• **WHAT IS NEEDED**
Reproduce exactly, from the data that follows, the line with "Cinched Off The", the line with "کتاب Building Sustainable", and every line that lies between them.

• **DATA FOR THE TASK**

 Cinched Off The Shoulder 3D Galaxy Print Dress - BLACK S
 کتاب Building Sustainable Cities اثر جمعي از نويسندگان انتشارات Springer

* * *

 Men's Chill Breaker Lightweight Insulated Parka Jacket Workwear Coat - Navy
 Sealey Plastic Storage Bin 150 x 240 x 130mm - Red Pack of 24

--

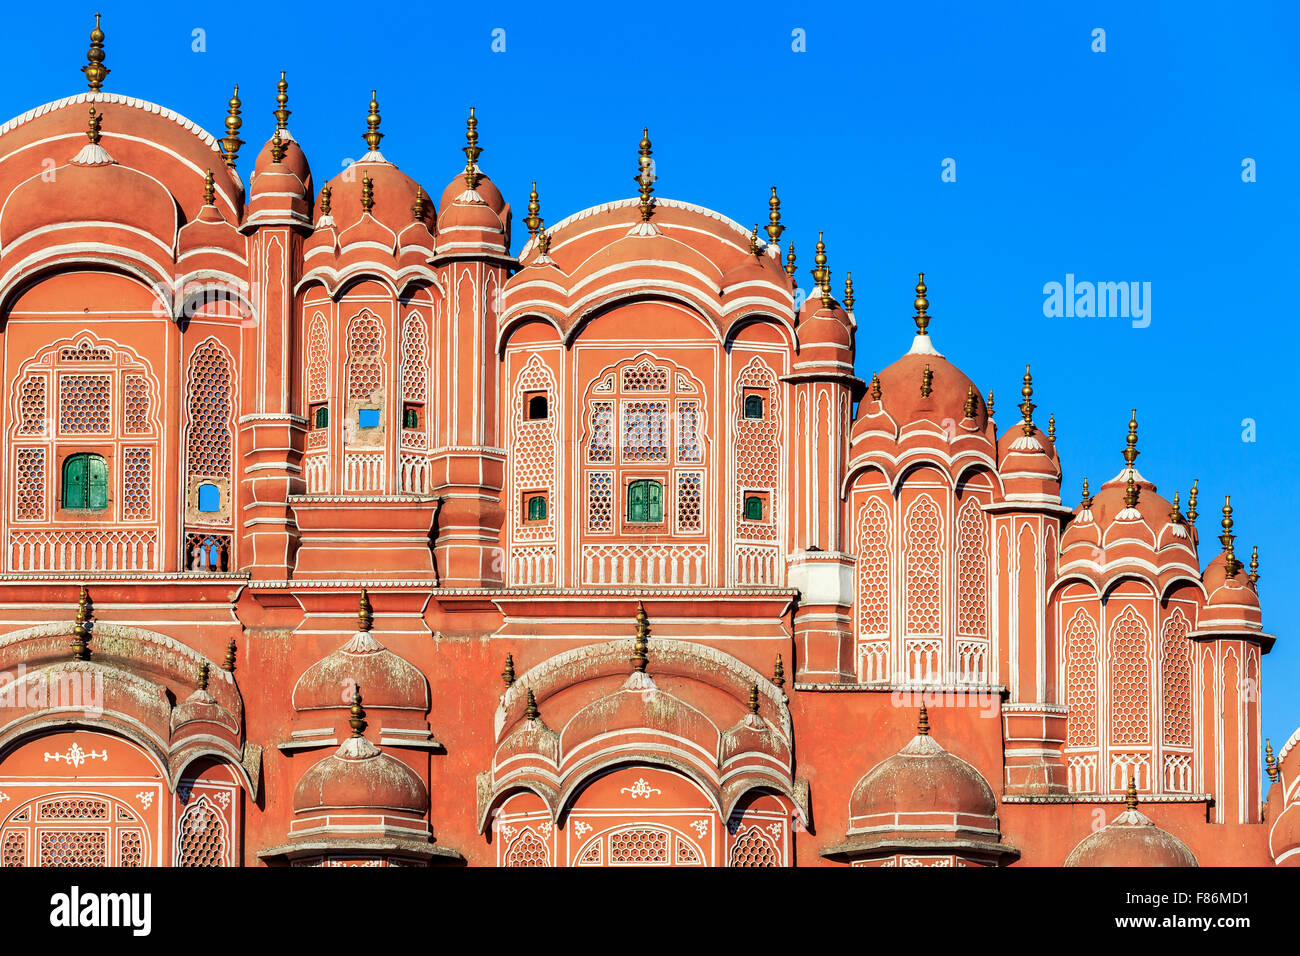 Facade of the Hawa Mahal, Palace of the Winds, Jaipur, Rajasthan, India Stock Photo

• **ANSWER BELOW**
 Cinched Off The Shoulder 3D Galaxy Print Dress - BLACK S
 کتاب Building Sustainable Cities اثر جمعي از نويسندگان انتشارات Springer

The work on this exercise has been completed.